Positron Emission Tomography (PET) is a medical imaging technique which is commonly used to map out metabolic activity in the body. Typically, a $\beta^+$-emitting (positron-emitting) radionuclide (such as ${}^{18}\textrm{F}$) attached to a glucose molecule is injected into the body where it is taken up by tissues in proportion to their metabolic activity. Positrons produced by the decay of the radionuclide usually travel less than 1 mm in human tissue before they bind with an electron, and quickly annihilate. Most of the positron-electron annihilations result in the emission of a back-to-back pair of 511 keV photons. These photon pairs leave the body and can be detected. Areas of the body where there is high metabolic activity – such as cancer cells or active regions in the brain – will be more intense emitters of these 511 keV photon pairs. In a PET scanner, arrays of scintillator+PMT detectors are used to measure the intensity of this radiation along well defined planes (referred to as slices) passing through the patient's body. Tomography is the process of reconstructing a three-dimensional image of positron emission intensity from these slices.
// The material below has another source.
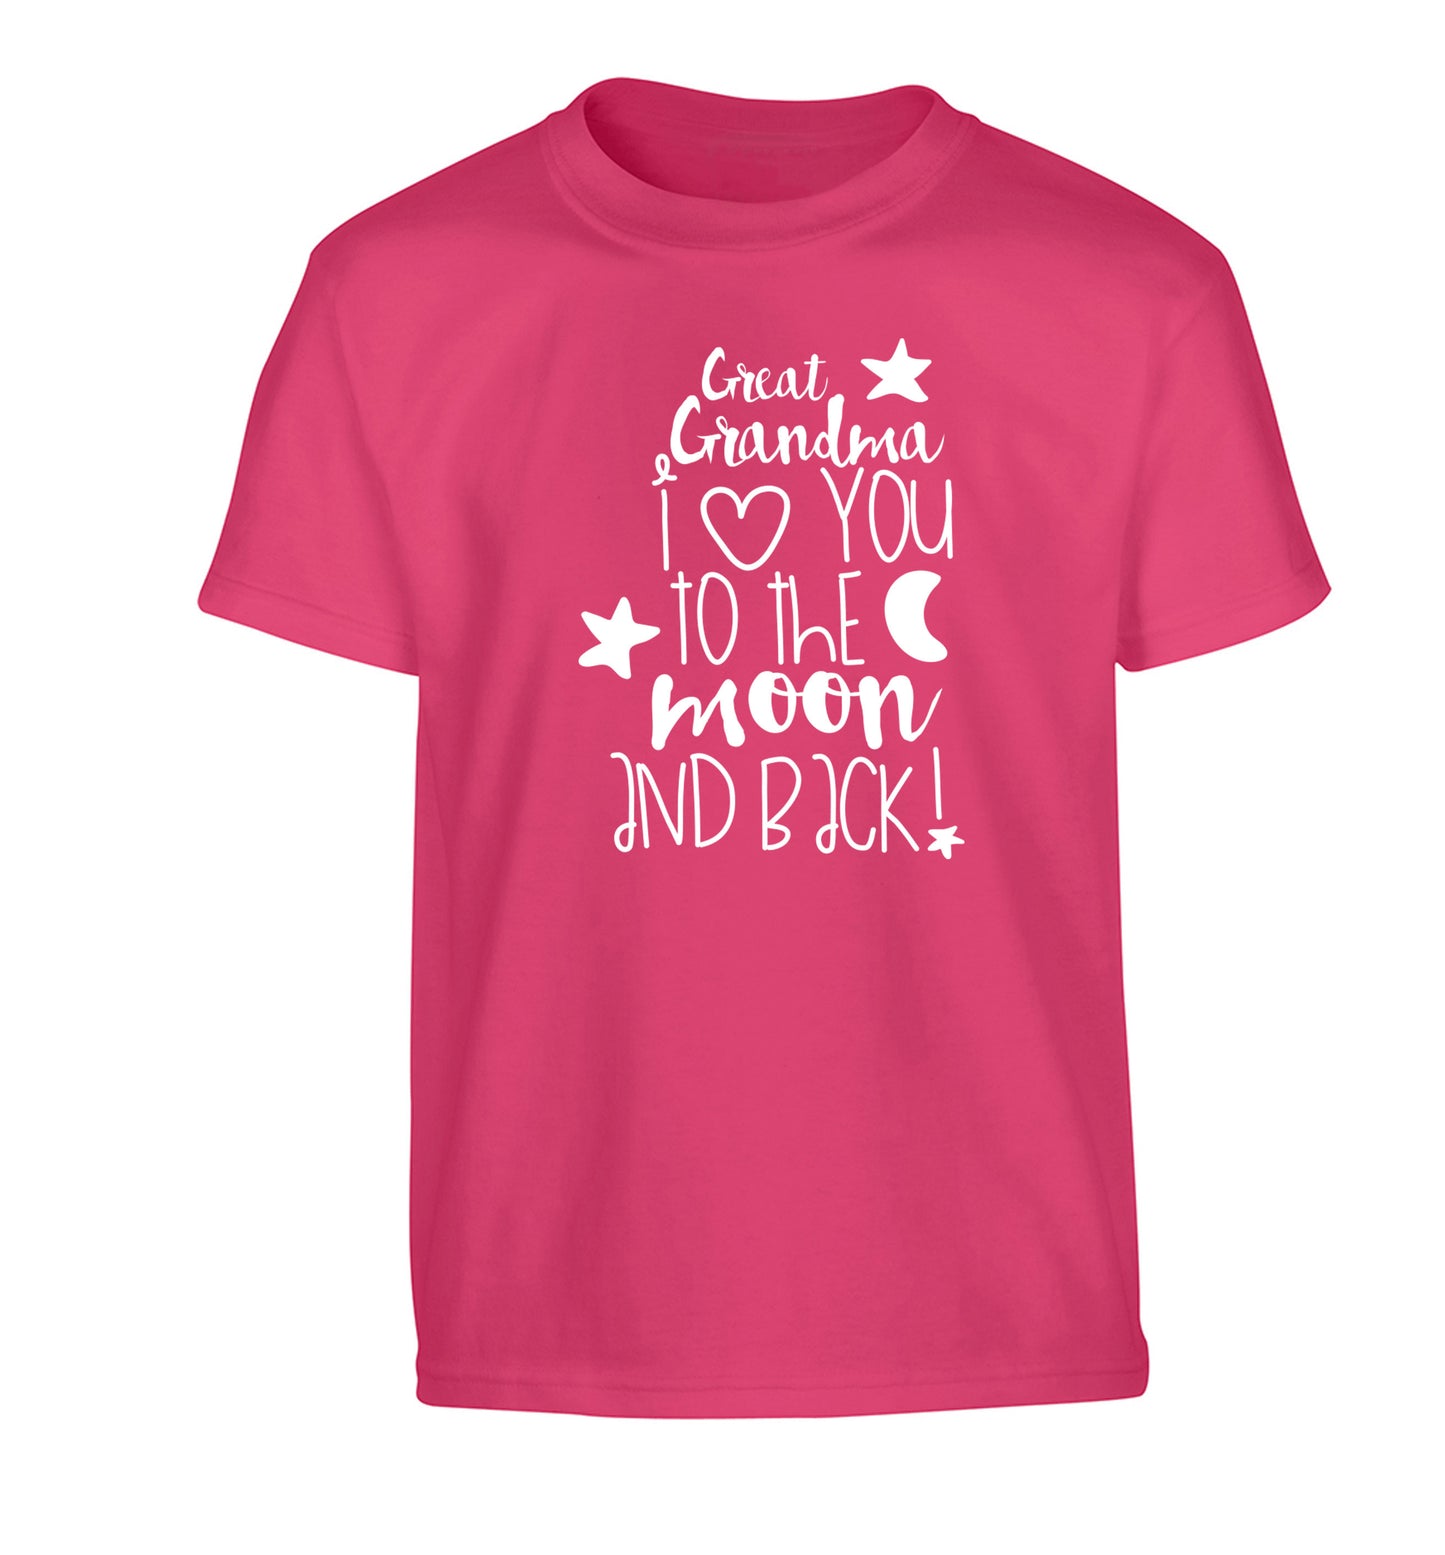 Great Grandma I love you to the moon and back Children's pink Tshirt 12-14 Years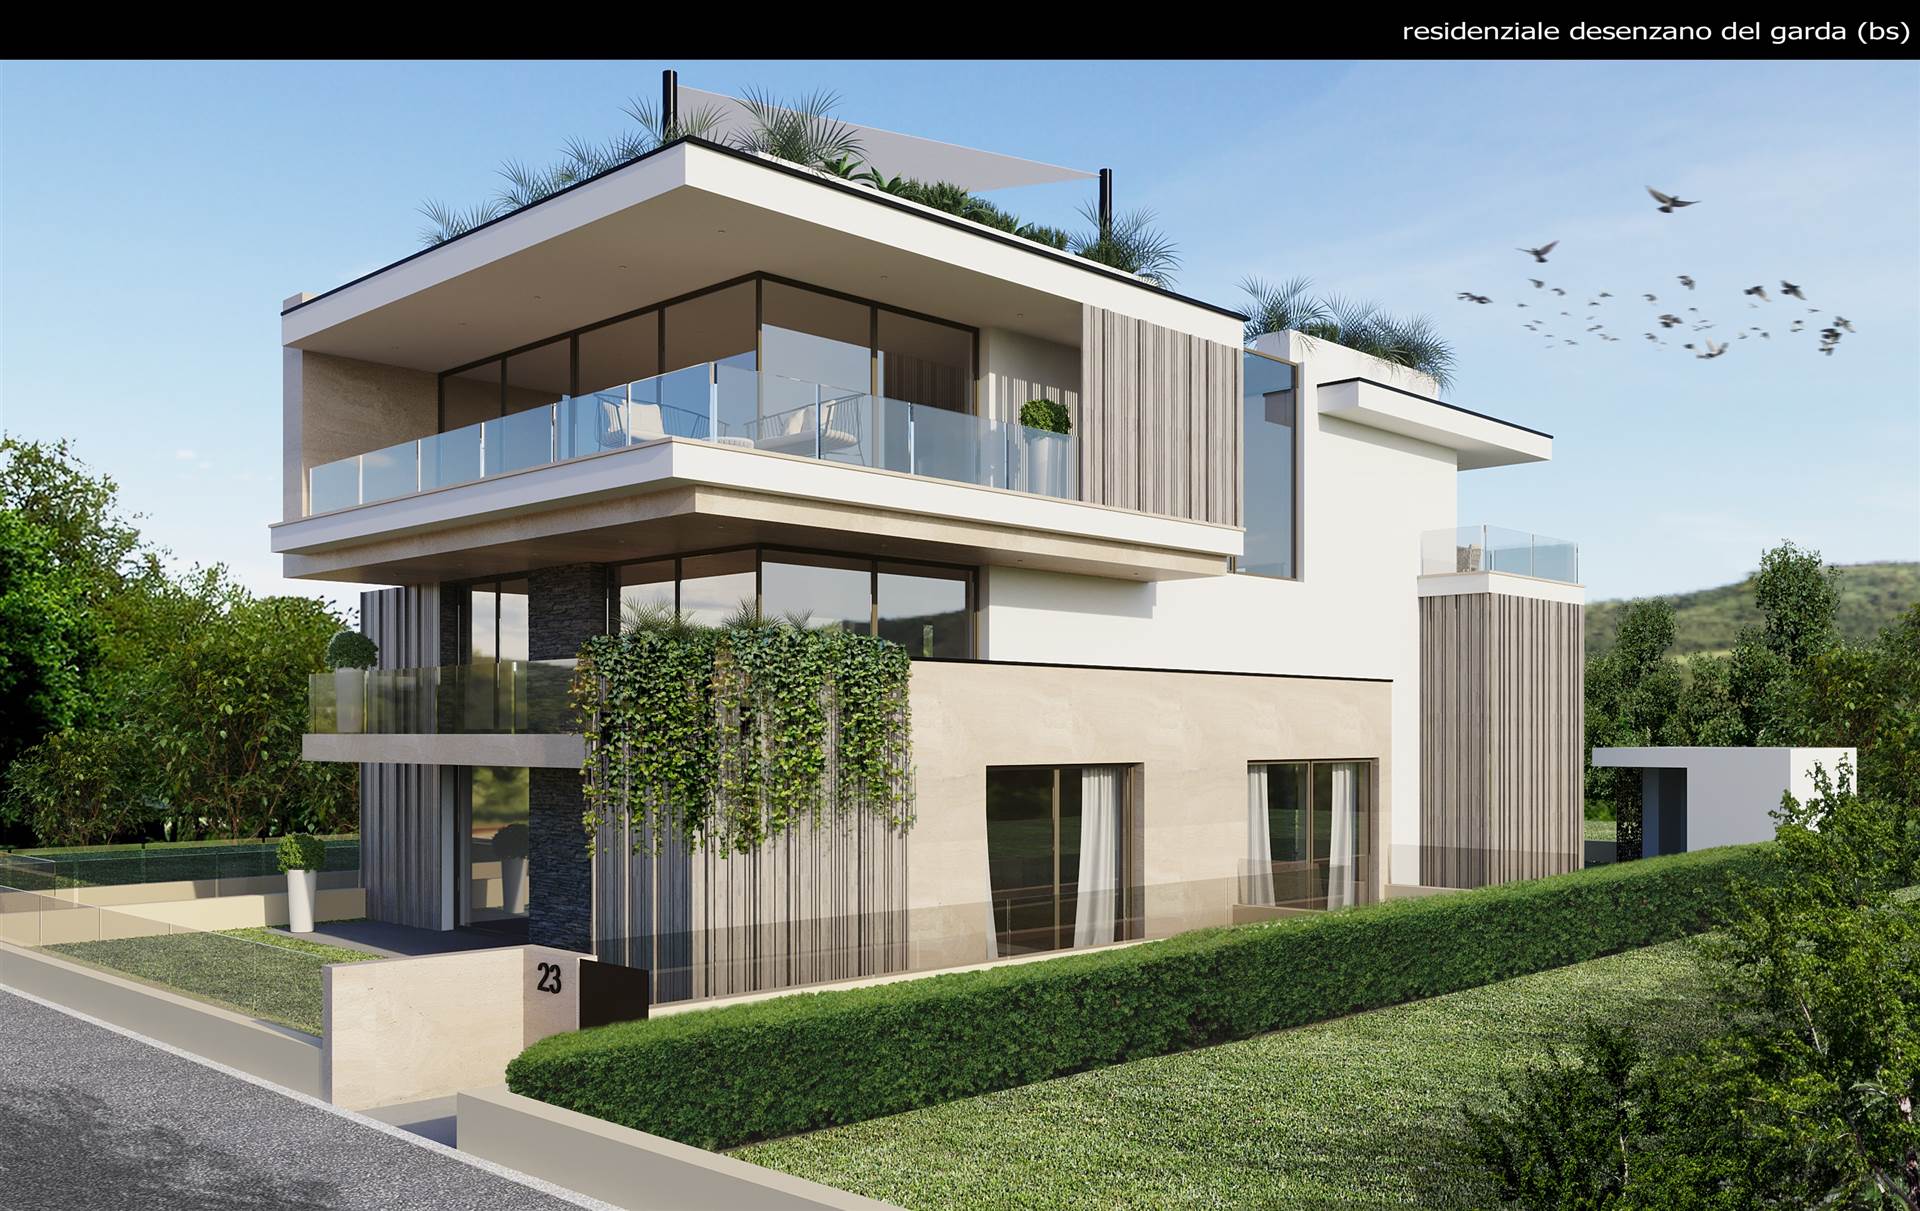 DESENZANO DEL GARDA, Apartment for sale of 77 Sq. mt., New construction, Heating Individual heating system, Energetic class: A+, placed at 1° on 2, composed by: 3 Rooms, Kitchenette, , 2 Bedrooms, 1

In this experiment, you will use PET to create a two-dimensional image of a sample box containing several positron sources of unknown strength at unknown locations.
(source: Wikipedia) |
In this experiment you will use positron emission tomography to identify the positions and relative intensities of two unknown positron emitters inside a sealed box. Specifically, your goals for this experiment include the following:
The last goal here represents a typical use case for PET scanning: a chemical called Fluorodeoxyglucose that contains Fluorine-18 is administered to a patient, which the body treats as regular glucose. Cells with rapid metabolisms (e.g. cancer) take in glucose much more rapidly than other tissues, and thus will end up with higher concentrations of beta-emitting ${}^{18}$F.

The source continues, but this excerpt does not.